2. Separate Data from Presentation#
Keep data extraction, transformation, and presentation logic in distinct layers. CSV/JSON/API → Data transformation → Slide population. This makes both testing and maintenance easier.
3. Idempotency Matters#
The same input data should always produce the same output slides. Use deterministic logic, avoid random placement, and version your templates alongside your code.
4. Validate Before Generating#
Validate input data, template placeholders, and output formats before generating slides. A broken slide at 11:59 PM before the board meeting is a career-limiting bug.
Presentation Automation Maturity Model#
| Level | Approach | Data Integration | Error Handling | Maintainability |
|---|---|---|---|---|
| 1: Manual | Copy-paste into PowerPoint | Manual data entry | Human review | Fragile, one-off |
| 2: Scripted | Basic python-pptx scripts | CSV/Excel import | Try-except blocks | Single-purpose scripts |
| 3: Templated | Template-based generation | API/DB connections | Validation, logging | Modular functions |
| 4: Automated | CI/CD pipeline, scheduled runs | Multiple data sources | Automated testing | Parameterized, configurable |
| 5: Intelligent | Auto-charting, NLP summaries | Streaming data | Self-healing | Framework with plugins |
Target: Level 3 for recurring reports. Level 4 for client-facing and board presentations.
python-pptx Fundamentals#
Installation and Setup#
# Install python-pptx
pip install python-pptx
# For working with images
pip install Pillow
# For data processing
pip install pandas numpy openpyxl
# Verify installation
python -c "import pptx; print(pptx.__version__)"Basic Slide Creation#
from pptx import Presentation
from pptx.util import Inches, Pt, Emu
from pptx.enum.text import PP_ALIGN
from pptx.dml.color import RGBColor
# Create a presentation
prs = Presentation()
# Set dimensions for 16:9 widescreen
prs.slide_width = Inches(13.333)
prs.slide_height = Inches(7.5)
# Common aspect ratios
aspect_ratios = {
"standard_4_3": (Inches(10), Inches(7.5)),
"widescreen_16_9": (Inches(13.333), Inches(7.5)),
"widescreen_16_10": (Inches(11.25), Inches(7.03)),
"a4": (Inches(11.69), Inches(8.27)),
}
# Add a blank slide
slide_layout = prs.slide_layouts[6] # 6 = blank layout
slide = prs.slides.add_slide(slide_layout)
# Add a title text box
left = Inches(0.5)
top = Inches(0.5)
width = Inches(12)
height = Inches(1)
txBox = slide.shapes.add_textbox(left, top, width, height)
tf = txBox.text_frame
tf.word_wrap = True
p = tf.paragraphs[0]
p.text = "Hello, Automated World!"
p.font.size = Pt(44)
p.font.bold = True
p.font.color.rgb = RGBColor(0x1A, 0x36, 0x5D)

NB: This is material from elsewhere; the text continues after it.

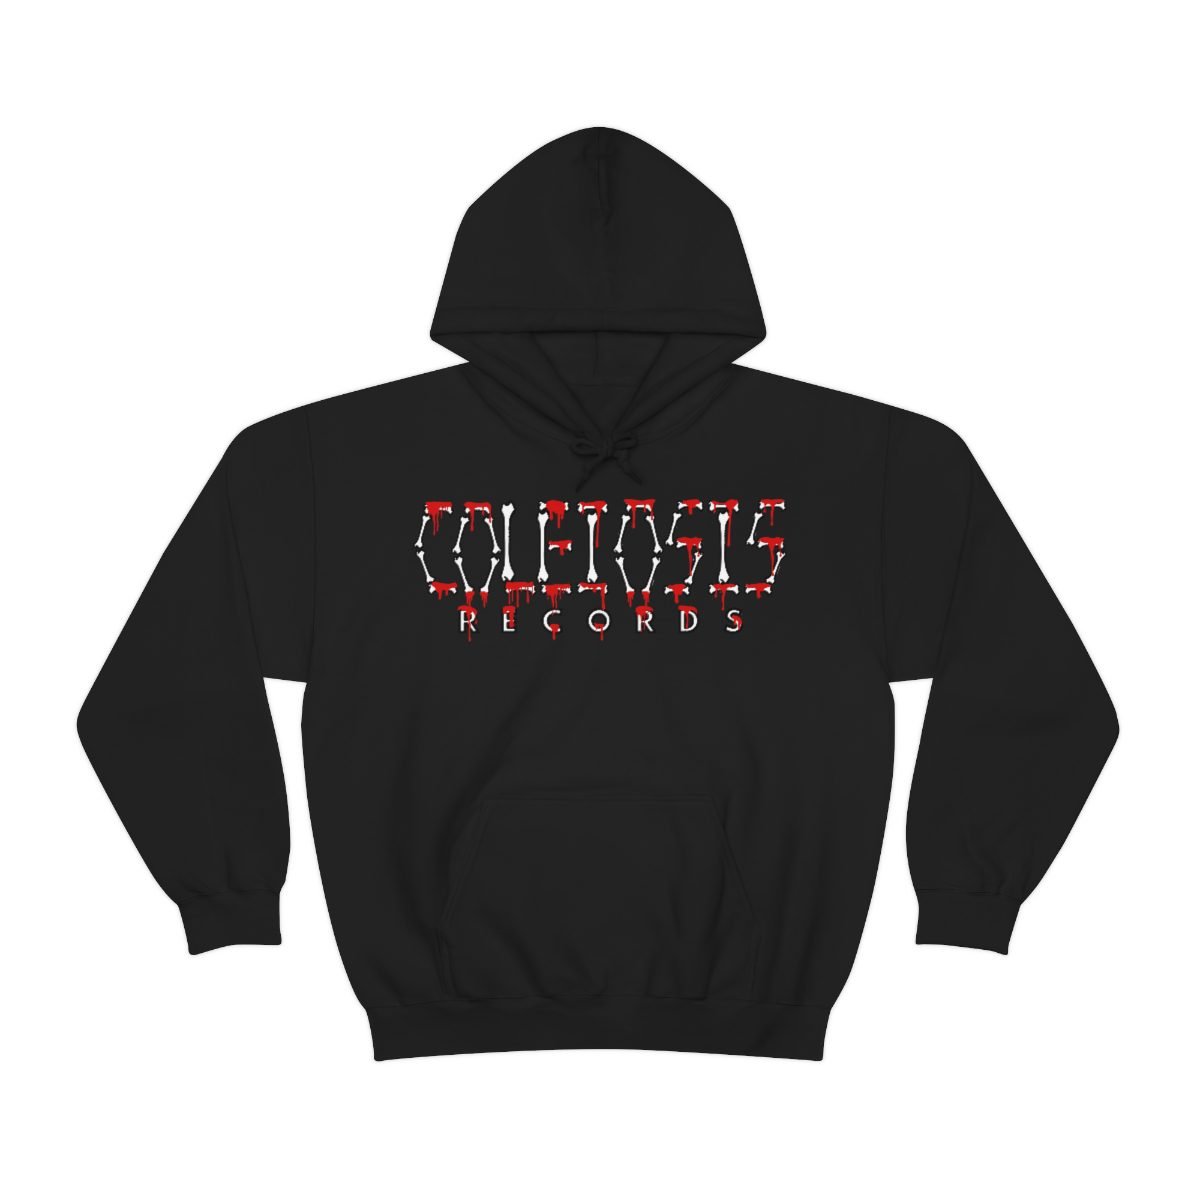 Coleiosis Records Logo Pullover Hooded Sweatshirt 185MD
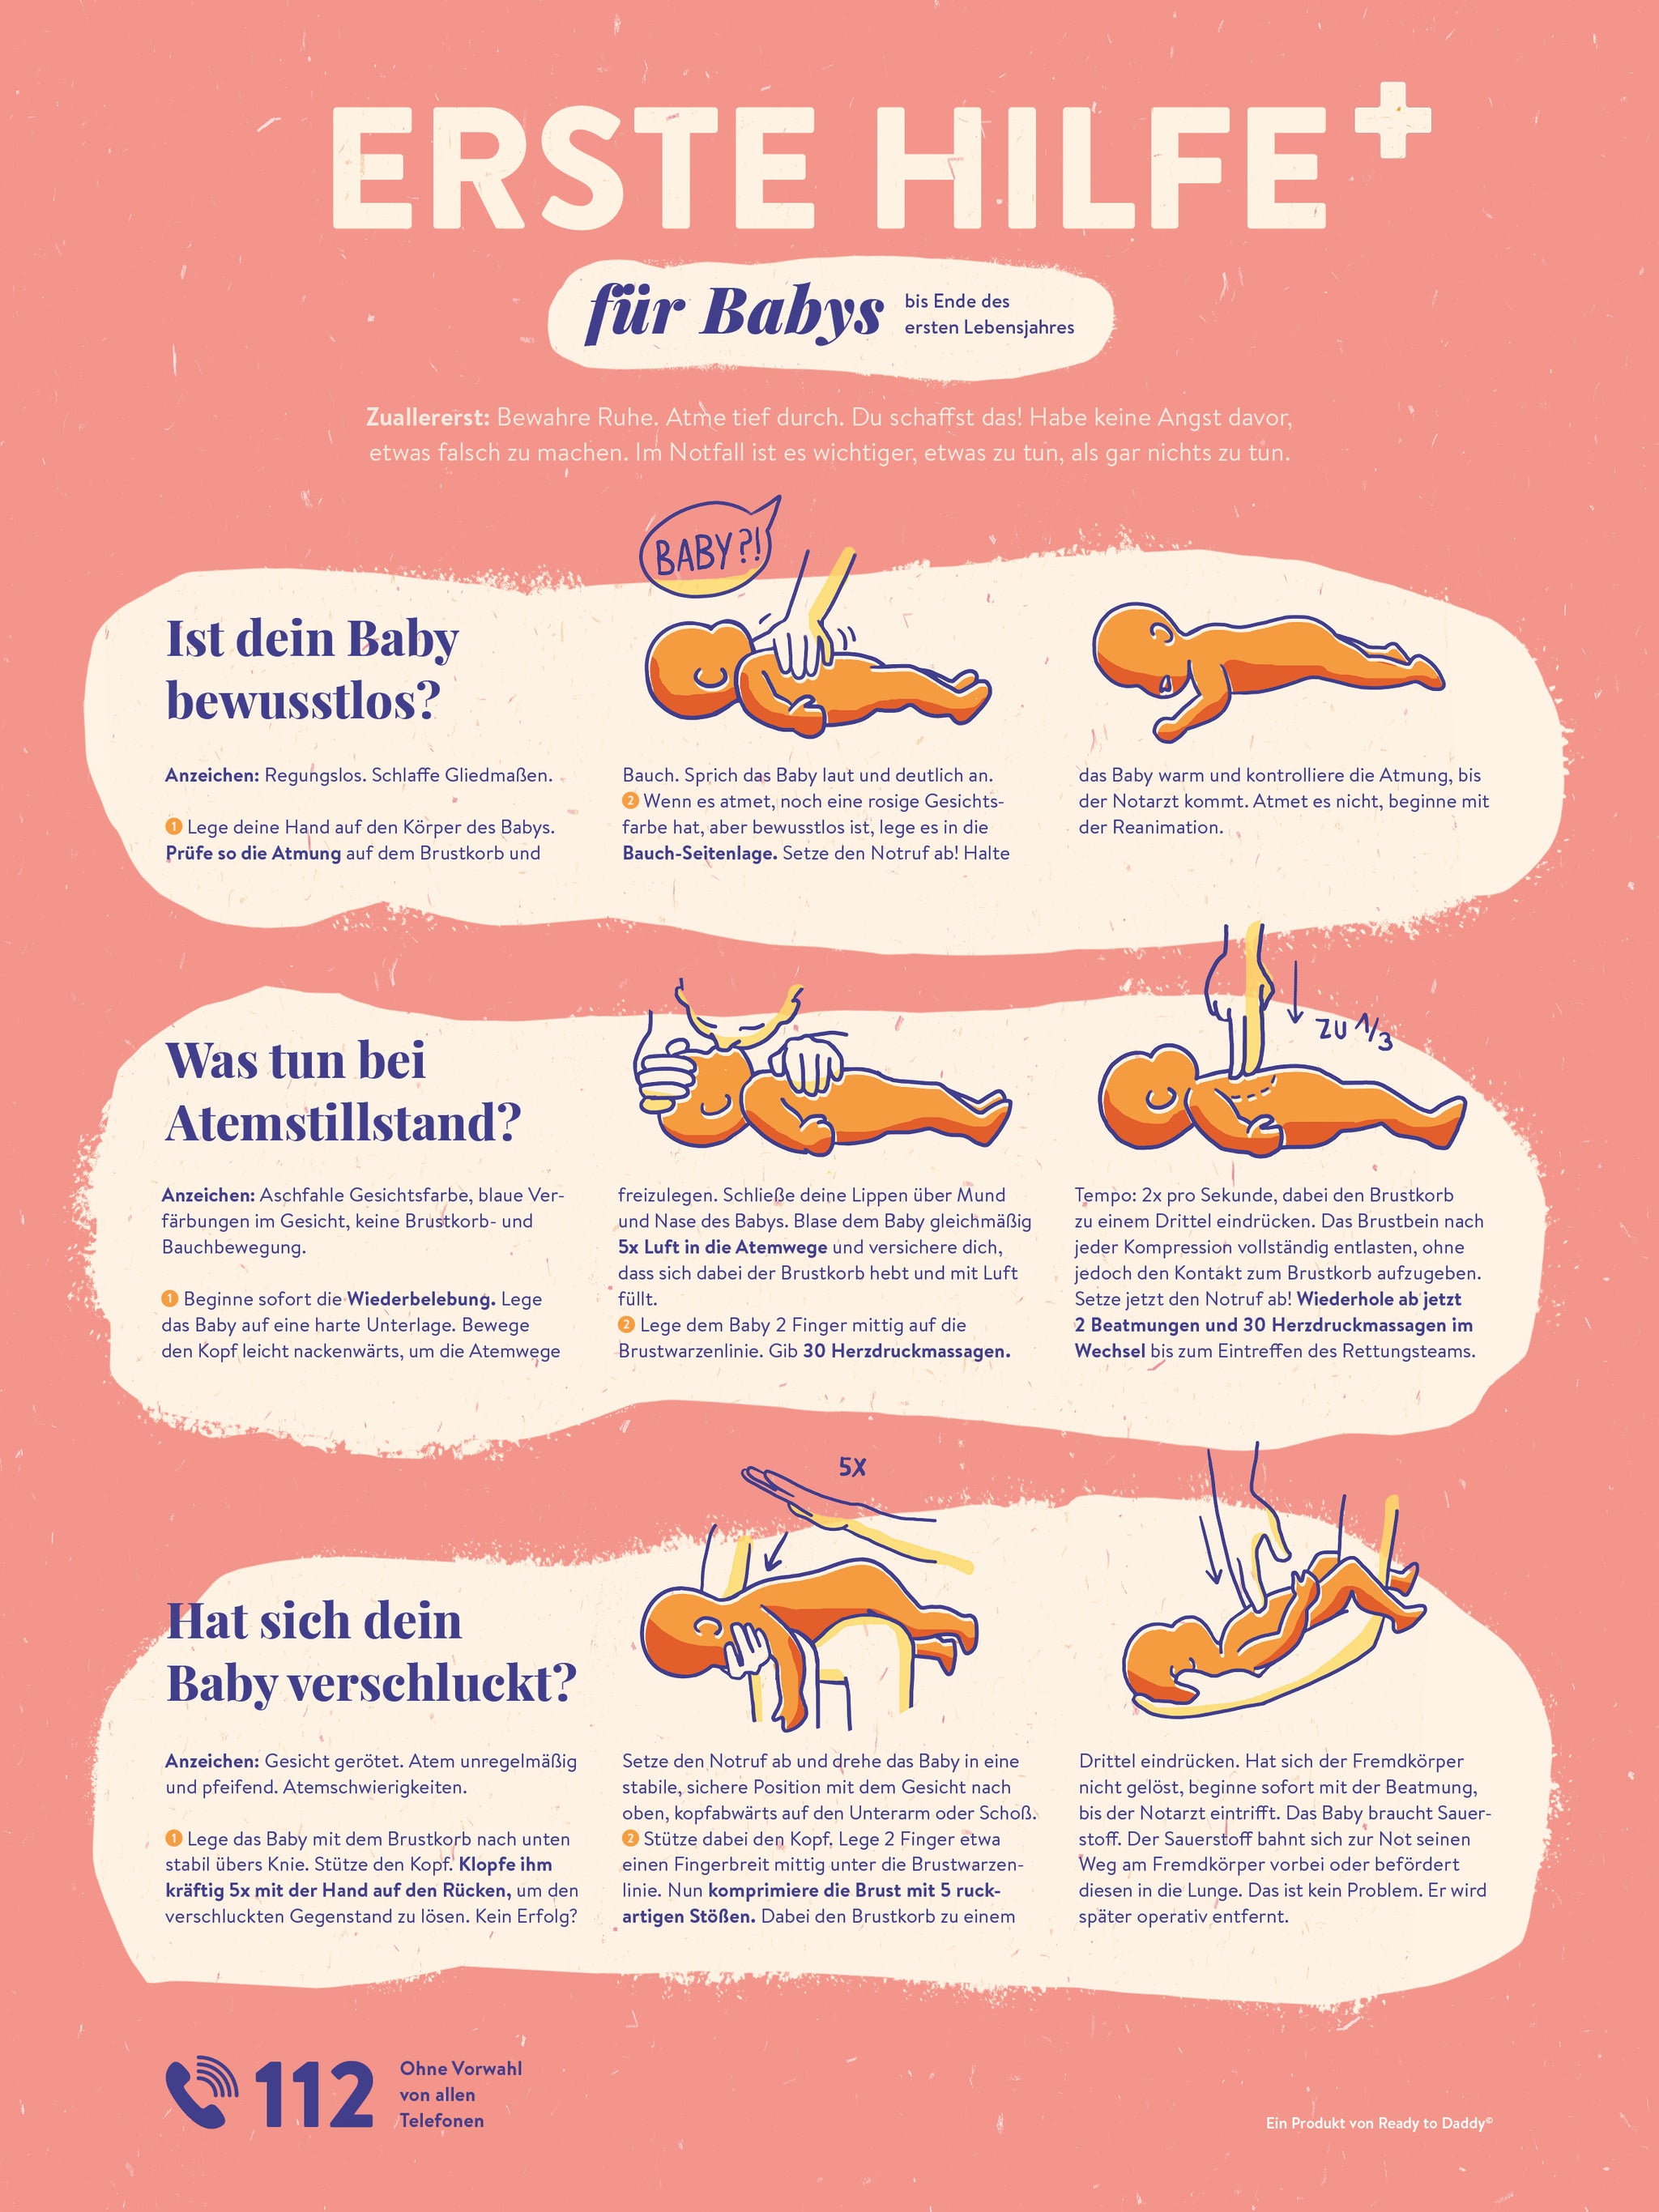 ERSTE HILFE für Babies - Poster - Ready to Daddy Products UG

p.alignment = PP_ALIGN.LEFT
# Save
prs.save("automated_presentation.pptx")
print("Presentation created successfully!")Working with Slide Layouts and Placeholders#
from pptx import Presentation
def inspect_template_layouts(template_path):
"""Inspect all layouts and placeholders in a template."""
prs = Presentation(template_path)
for i, layout in enumerate(prs.slide_layouts):
print(f"\nLayout {i}: {layout.name}")
for j, placeholder in enumerate(layout.placeholders):
print(f" Placeholder {j}: idx={placeholder.placeholder_format.idx}, "
f"name='{placeholder.name}', type={placeholder.placeholder_format.type}")
return prs
# Usage
# inspect_template_layouts("my_template.potx")
def populate_placeholder_slide(template_path, output_path, data):
"""
Populate placeholders in a template slide.
Args:
template_path: Path to .pptx template
output_path: Path for generated file
data: Dict mapping placeholder_idx -> text
"""
prs = Presentation(template_path)
# Use the first layout (index 0 — typically title slide)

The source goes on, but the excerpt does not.